The affinity analysis of TcdB or GTD with CAPE was conducted using a Biacore T100 device (Biacore Inc., Uppsala, Sweden) according to the manufacturer’s protocol. A CM5 chip (General Electric Company, GE) was utilized to immobilize the TcdB or GTD proteins. Various concentrations of CAPE were injected, and all steps were performed in running buffer consisting of 5% DMSO in PBS-P20 (GE). Evaluation version 3.1 software provided by Biacore and the 1:1 Langmuir combined model were employed for data analysis.

Mouse infection model

For the acute toxicity model, after pretreatment of TcdB with CAPE (2 or 4 μg/mL) for 1 h, the mice were intraperitoneally injected with a complex of TcdB- solvent or TcdB-CAPE (30 ng of TcdB per mouse). The survival of mice was observed for 72 h.

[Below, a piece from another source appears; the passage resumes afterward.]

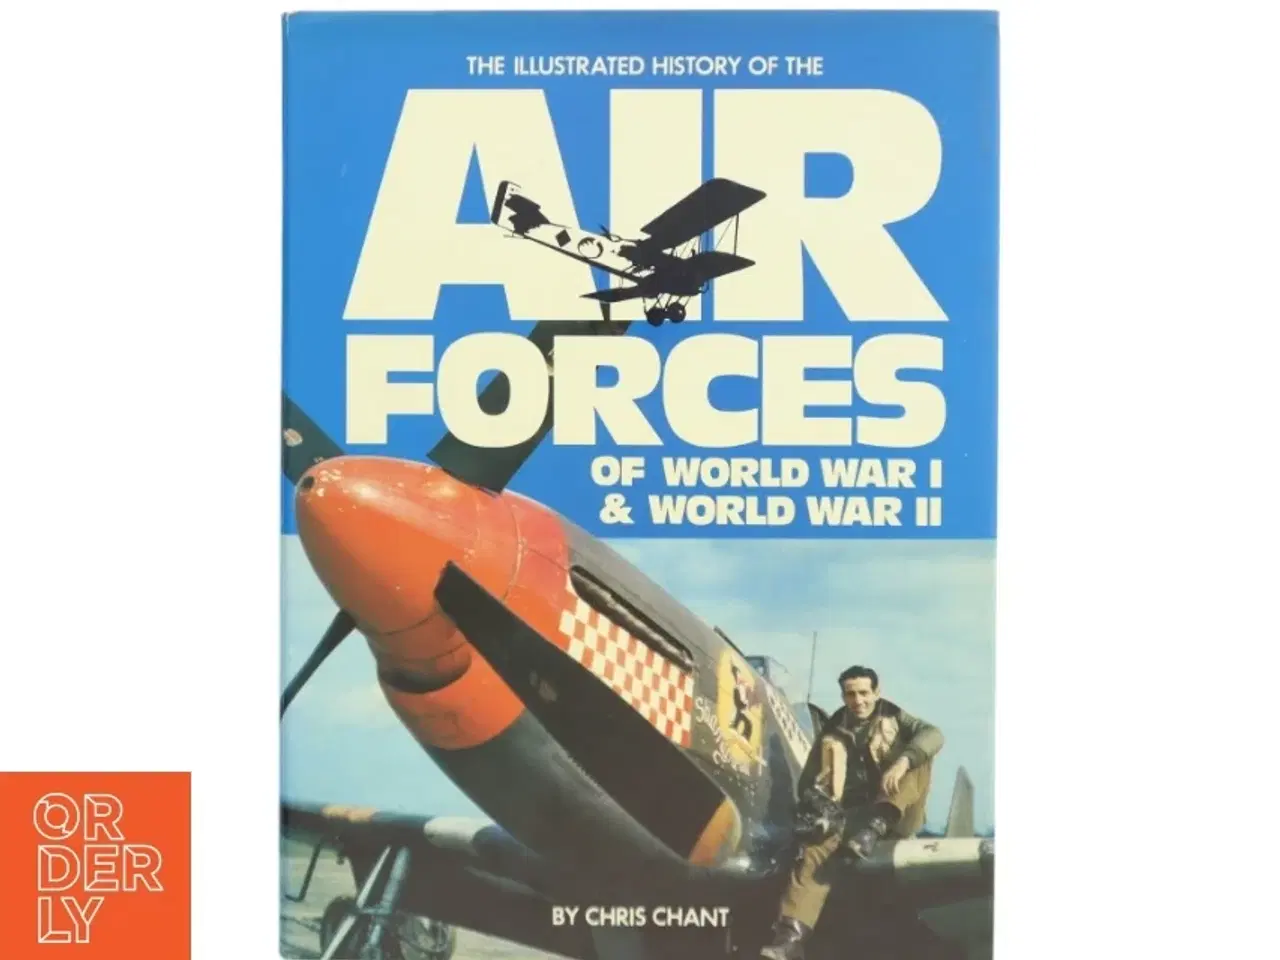 Billede 1 - Illustreret historiebog om flyvevåben under 1. & 2. verdenskrig fra Hamlyn

For the CDI model, mice were given cefoperazone (0.5 g/L) in their drinking water for 5 days (from day -7 to day -2), followed by switching to sterilized water for 2 days. On day 0, the mice were challenged with 1 × 108 colony-forming units (CFUs) of C. difficile BAA-1870 (Ribotype 027) by oral gavage. For the CAPE or melatonin treatment group, mice were treated with CAPE (30 mg/kg by oral gavage) or melatonin (200 mg/kg by oral gavage) every day after C. difficile challenge. The weight loss and fecal state of the mice were monitored daily. Fecal samples were collected on days 0-3 to evaluate the stool water content as a marker of diarrhea. Additionally, fecal samples on day 3 were collected to assess C. difficile colonization. Colonic tissues were collected on day 3 post infection, stained with hematoxylin and eosin (H&E) and scored as previously described 60.

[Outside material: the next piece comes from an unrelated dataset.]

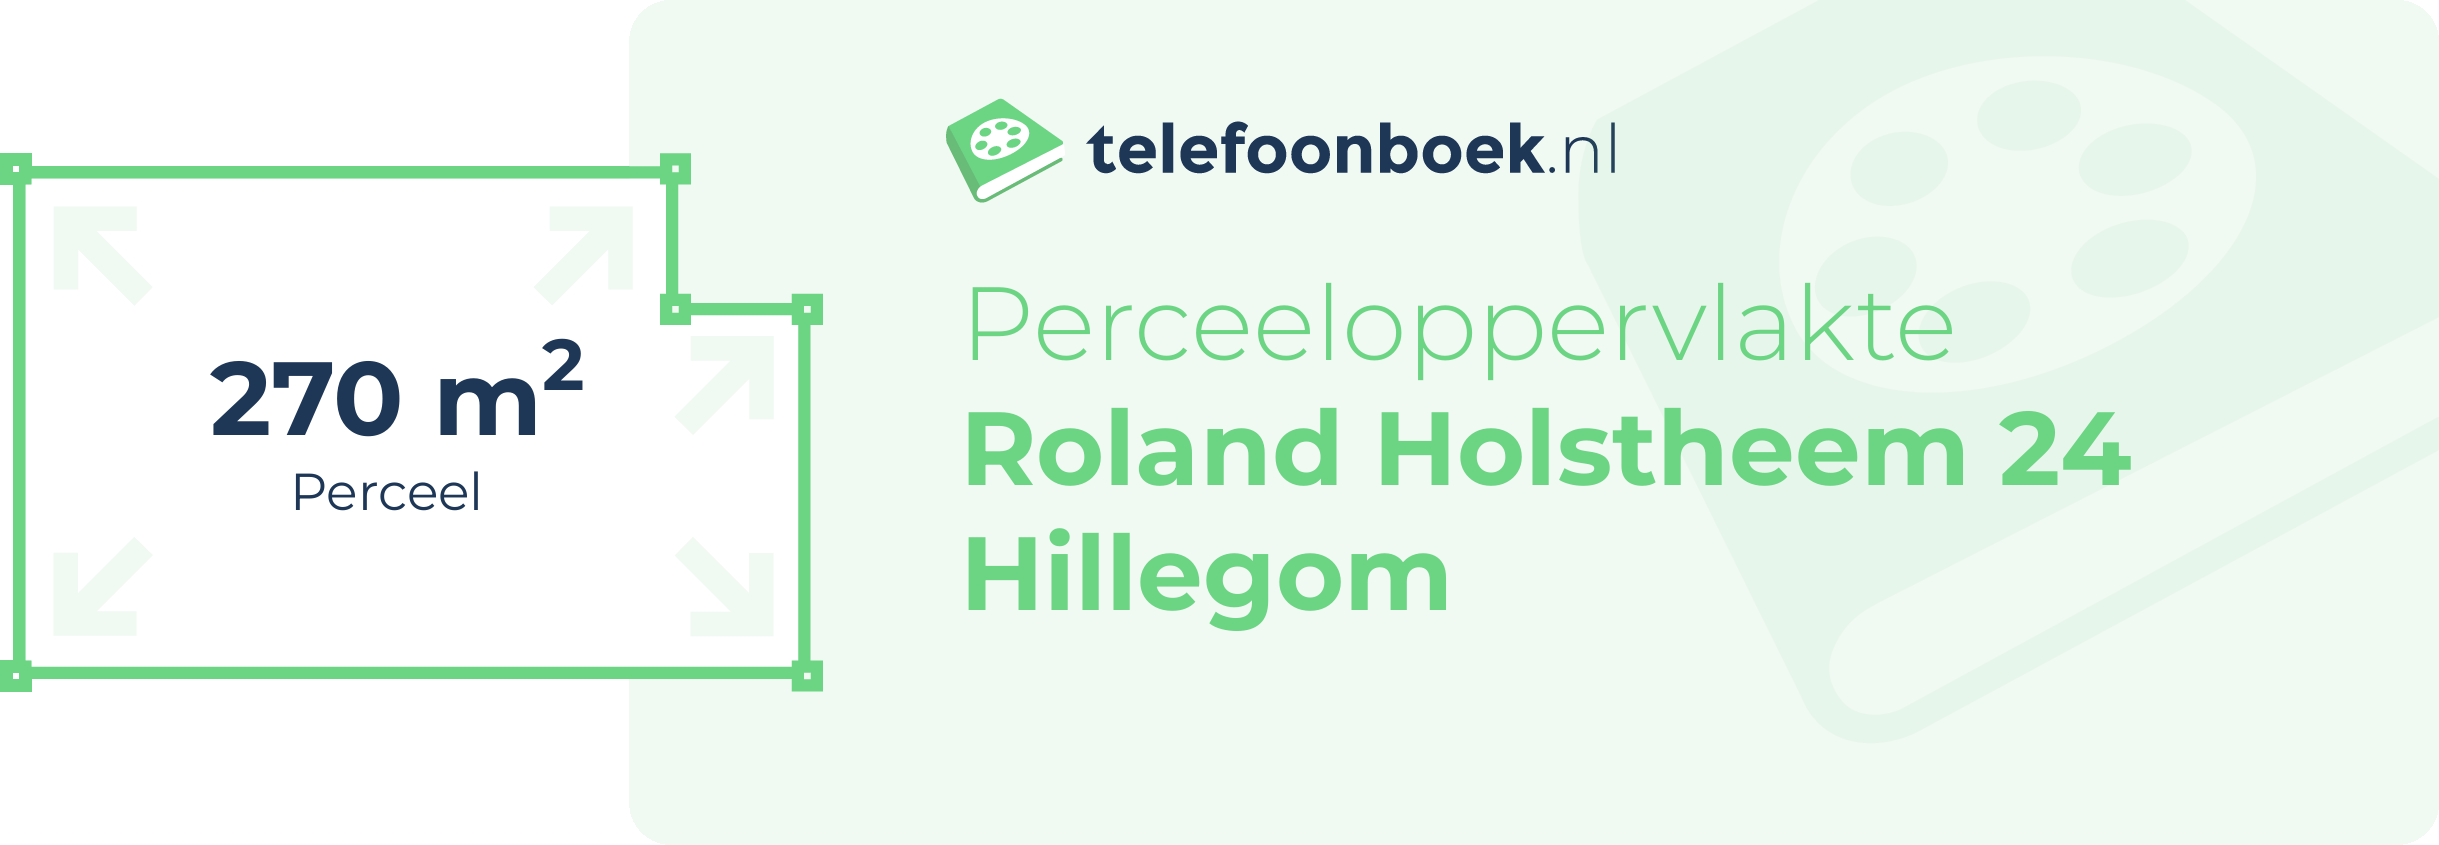 Perceeloppervlakte Roland Holstheem 24 Hillegom

Fecal samples were collected on day 3 post infection, frozen in liquid nitrogen and transferred to the laboratory with dry ice for 16S rRNA sequencing and untargeted metabolomics analysis (Novogene Bioinformatics Technology Co., Ltd., Tianjin, China). The melatonin level in mouse stool supernatant was determined using the Mouse MT (Melatonin) ELISA Kit (Sangon Biotechnology Co., Ltd., Shanghai, China).

Statistical analysis

Western blot densitometry and LysoTracker fluorescence intensity were measured using ImageJ software (NIH, Bethesda, MD, USA). Statistical analysis was performed using GraphPad Prism 9.0 (GraphPad Software, USA). Unpaired two-tailed Student’s t tests were used for comparing two groups, and one-way analysis of variance (ANOVA) was used for analyzing data from more than three groups. The statistical significance was determined using the log- rank (Mantel–Cox) test (survival rates) and Mann–Whitney U test (tissue bacterial load) in vivo. All the data are expressed as the mean ± standard deviation (SD). * indicates p <0.05 and ** indicates p <0.01.

Acknowledgements

The authors thank Professor Aiwu Wu (Guangzhou Medical University) for the C. difficile BAA-1870 strain and Professor Hanping Feng (Tufts University) for the pHis1522-TcdB plasmid. This work was supported by The National Key Research & Development Program of China (2021YFD1801000), the Natural Science Foundation of Jilin Province (20230101142JC and 20240101282JC), and The Fundamental Research Funds for the Central Universities.

Additional information

Author contributions

Y Guo., LQ He and JZ Qiu designed the study and wrote the manuscript. Y Guo, Y Zhang, GZ Wang and HT Liu conducted experiments. JF Wang, XM Deng, LQ He and JZ Qiu supervised the study and revised the manuscript. All authors read and approved the final manuscript. JZ Qiu and LQ He are responsible for the overall content as the guarantor.

Disclosure statement

No potential conflict of interest was reported by the author (s).

Data availability

All 16S rRNA gene sequencing data generated and analyzed during the current study were deposited in the Sequence Read Archive (SRA) under the BioProject accession number PRJNA1100298. Untargeted metabolomics data are available via Metabolights with the identifier MTBLS9938.